The award, says Josh Adler, vice president of Archimedes and IndiGO business leader, "represents further recognition of the value of clinical decision support, delivered at the point of patient care."
He says IndiGO drives better patient engagement and increases adherence, leading to improved outcomes and lower costs.
That’s how it’s working for Gregory C. Reicks, DO, who uses the IndiGO tool in tandem with his EHR to help patients take charge of their own health – or at least to persuade them to take baby steps to better health. IndiGO takes data from his EHR, including demographic and clinical information such as blood pressure, cholesterol and blood sugar levels, and puts it all into an algorithm. Based upon clinical evidence, it predicts risks for that particular patient in a graphical format.
At a glance, patients can see what certain interventions, such as taking a statin, or an ace inhibitor, quitting smoking, lowering their hemoglobin A1C by one point, exercising more and losing weight, might do.
“They see the risk in a bar-graph format, let’s say dropping from 10 percent to 5 percent – and that seems to have quite a bit of impact on patients and their willingness to follow my recommendations,” Reicks said.

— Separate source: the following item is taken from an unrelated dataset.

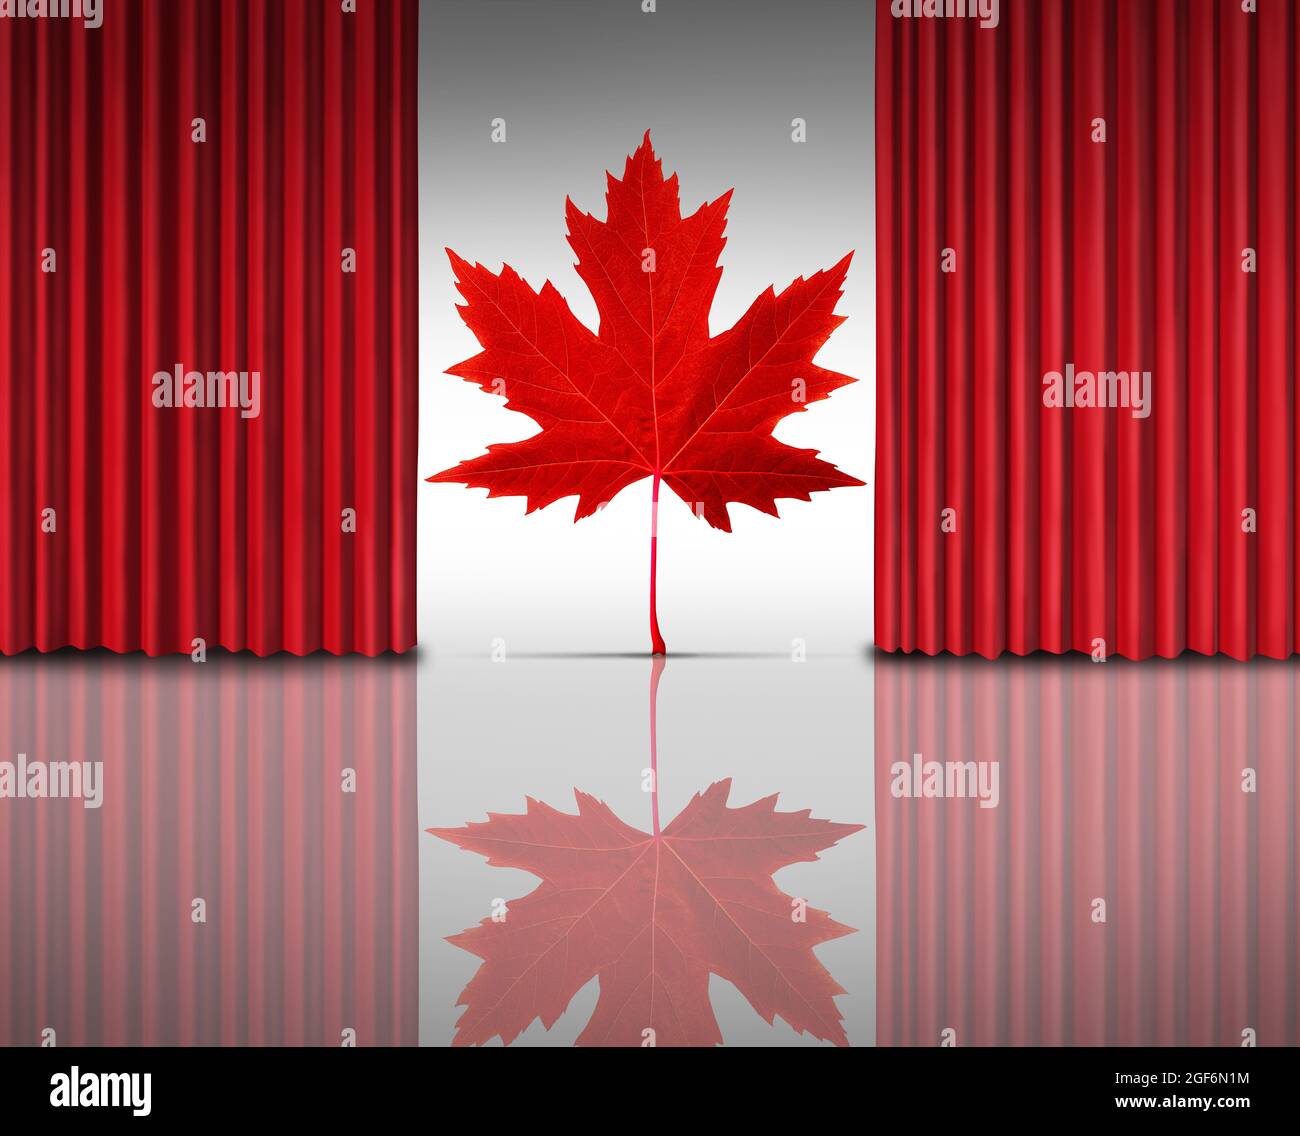 Kanadischer Unterhaltungshintergrund für kanadische Kinokunst mit offenen roten Samtvorhängen oder Vorhängen, die ein rotes Ahornblatt offenbaren. Stockfoto

During the first month of using IndiGO, Reicks ¬– who is part of the Colorado Beacon IndiGO pilot and on the executive committee of the Colorado Beacon Consortium – has increased the number of patients using IndiGo from 40 to 80, and plans to introduce more to the tool.
“I also can show the patients what the risk would be if he were not taking a certain medication," Reicks said. “It’s helped also in compliance. I’m convinced that it’s been really helpful in my practice."
To Adler, IndiGO is working just as intended – it's improving the lives of those with chronic conditions, which also happens to drive down healthcare costs, all accomplished by having meaningful patient discussions at the point of care. If an app can directly put that graphical information directly into the patients’ hands, he says, that, too, is bound to drive up the actions people take to reduce their health risks.
As he sees it, it’s about “risks and choices, and a better sense of ownership.”